◆ **EXERCISE**:
After finding the line with "PP15003 – Bean Bag Sofa Bed" in the data below, set down exactly each line through the one with "钢铁金属生锈纹理高清背景图片素材 Rusted Steel Textures插图", inclusive, and stop there.
THE DATA START
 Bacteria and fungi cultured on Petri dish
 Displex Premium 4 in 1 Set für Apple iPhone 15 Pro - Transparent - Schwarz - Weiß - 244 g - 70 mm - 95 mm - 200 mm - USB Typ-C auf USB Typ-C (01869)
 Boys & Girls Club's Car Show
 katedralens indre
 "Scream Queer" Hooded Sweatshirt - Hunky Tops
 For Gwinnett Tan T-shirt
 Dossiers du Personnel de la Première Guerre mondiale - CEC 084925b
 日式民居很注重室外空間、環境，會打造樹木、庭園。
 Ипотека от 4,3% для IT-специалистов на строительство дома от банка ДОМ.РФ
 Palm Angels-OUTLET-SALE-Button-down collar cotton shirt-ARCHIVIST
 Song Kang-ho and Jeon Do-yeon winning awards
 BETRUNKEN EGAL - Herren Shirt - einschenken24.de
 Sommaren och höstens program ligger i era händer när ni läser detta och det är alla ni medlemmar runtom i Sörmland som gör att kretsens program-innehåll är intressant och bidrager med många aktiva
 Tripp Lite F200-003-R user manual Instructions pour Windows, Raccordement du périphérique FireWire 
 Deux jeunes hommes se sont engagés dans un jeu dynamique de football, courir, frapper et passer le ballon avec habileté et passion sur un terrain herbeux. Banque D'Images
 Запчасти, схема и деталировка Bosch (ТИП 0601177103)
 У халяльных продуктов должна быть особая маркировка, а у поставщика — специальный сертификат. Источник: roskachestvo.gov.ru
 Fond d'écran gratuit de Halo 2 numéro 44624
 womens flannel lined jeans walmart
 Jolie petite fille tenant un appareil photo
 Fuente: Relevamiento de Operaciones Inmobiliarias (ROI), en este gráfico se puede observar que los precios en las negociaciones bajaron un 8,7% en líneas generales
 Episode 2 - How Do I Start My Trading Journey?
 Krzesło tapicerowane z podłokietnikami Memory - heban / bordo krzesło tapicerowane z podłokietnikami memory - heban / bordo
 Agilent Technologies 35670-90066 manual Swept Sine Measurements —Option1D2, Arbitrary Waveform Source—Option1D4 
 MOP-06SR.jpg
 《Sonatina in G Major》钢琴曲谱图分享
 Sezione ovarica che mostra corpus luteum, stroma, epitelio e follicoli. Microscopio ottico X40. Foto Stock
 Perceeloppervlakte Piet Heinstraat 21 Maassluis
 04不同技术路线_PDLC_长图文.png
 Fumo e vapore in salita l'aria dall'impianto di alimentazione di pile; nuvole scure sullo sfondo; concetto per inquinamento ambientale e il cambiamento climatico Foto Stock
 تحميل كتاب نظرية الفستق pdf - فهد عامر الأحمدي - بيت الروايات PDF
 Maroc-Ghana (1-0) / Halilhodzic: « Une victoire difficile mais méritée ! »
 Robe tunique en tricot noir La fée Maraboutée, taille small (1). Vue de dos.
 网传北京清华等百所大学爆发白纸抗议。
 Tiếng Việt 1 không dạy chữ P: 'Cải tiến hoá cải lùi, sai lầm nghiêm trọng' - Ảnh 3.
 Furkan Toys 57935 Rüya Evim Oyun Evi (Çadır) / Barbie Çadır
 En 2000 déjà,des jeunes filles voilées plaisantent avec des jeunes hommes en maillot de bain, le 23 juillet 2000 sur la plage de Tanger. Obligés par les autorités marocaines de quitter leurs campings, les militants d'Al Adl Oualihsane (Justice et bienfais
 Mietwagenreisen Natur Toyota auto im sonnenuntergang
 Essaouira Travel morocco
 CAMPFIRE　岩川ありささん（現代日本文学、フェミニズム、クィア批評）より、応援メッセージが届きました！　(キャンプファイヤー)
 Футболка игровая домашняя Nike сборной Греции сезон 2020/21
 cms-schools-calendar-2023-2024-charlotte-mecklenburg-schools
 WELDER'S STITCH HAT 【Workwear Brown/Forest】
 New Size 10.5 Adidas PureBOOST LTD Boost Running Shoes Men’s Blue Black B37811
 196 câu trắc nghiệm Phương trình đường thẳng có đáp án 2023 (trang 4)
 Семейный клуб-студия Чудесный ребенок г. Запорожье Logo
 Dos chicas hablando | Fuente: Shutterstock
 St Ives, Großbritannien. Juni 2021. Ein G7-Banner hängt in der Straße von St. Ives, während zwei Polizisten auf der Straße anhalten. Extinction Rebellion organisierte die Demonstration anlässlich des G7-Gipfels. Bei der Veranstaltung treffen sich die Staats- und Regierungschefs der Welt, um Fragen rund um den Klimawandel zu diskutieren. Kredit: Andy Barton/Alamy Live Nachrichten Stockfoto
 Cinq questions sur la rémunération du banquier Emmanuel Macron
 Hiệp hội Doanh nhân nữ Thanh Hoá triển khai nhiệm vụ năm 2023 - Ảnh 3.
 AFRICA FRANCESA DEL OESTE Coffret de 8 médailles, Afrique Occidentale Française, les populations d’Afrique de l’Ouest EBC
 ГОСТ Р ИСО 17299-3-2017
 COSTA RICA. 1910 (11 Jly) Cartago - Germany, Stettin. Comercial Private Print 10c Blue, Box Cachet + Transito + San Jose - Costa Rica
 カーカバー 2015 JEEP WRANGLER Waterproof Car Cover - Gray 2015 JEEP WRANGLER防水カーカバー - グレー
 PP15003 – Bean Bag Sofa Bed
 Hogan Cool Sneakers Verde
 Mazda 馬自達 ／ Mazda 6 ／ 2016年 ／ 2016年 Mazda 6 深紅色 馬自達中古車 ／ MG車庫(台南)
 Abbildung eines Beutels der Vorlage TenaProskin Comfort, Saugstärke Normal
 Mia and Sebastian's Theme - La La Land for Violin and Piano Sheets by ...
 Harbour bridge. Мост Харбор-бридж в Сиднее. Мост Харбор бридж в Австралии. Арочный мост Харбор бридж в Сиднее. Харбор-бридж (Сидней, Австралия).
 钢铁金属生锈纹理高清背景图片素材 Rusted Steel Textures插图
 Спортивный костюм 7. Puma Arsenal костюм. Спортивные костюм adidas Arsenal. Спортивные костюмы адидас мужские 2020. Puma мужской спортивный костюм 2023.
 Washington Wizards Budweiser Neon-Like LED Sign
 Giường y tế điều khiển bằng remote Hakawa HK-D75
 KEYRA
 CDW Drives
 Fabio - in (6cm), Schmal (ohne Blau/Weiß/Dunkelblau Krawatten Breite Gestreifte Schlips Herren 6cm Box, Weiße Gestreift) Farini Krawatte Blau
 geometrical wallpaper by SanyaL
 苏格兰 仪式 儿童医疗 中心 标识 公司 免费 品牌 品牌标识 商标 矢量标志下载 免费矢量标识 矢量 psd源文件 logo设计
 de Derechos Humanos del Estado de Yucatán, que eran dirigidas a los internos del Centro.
THE DATA END
◆ **EXERCISE RESULT**:
 PP15003 – Bean Bag Sofa Bed
 Hogan Cool Sneakers Verde
 Mazda 馬自達 ／ Mazda 6 ／ 2016年 ／ 2016年 Mazda 6 深紅色 馬自達中古車 ／ MG車庫(台南)
 Abbildung eines Beutels der Vorlage TenaProskin Comfort, Saugstärke Normal
 Mia and Sebastian's Theme - La La Land for Violin and Piano Sheets by ...
 Harbour bridge. Мост Харбор-бридж в Сиднее. Мост Харбор бридж в Австралии. Арочный мост Харбор бридж в Сиднее. Харбор-бридж (Сидней, Австралия).
 钢铁金属生锈纹理高清背景图片素材 Rusted Steel Textures插图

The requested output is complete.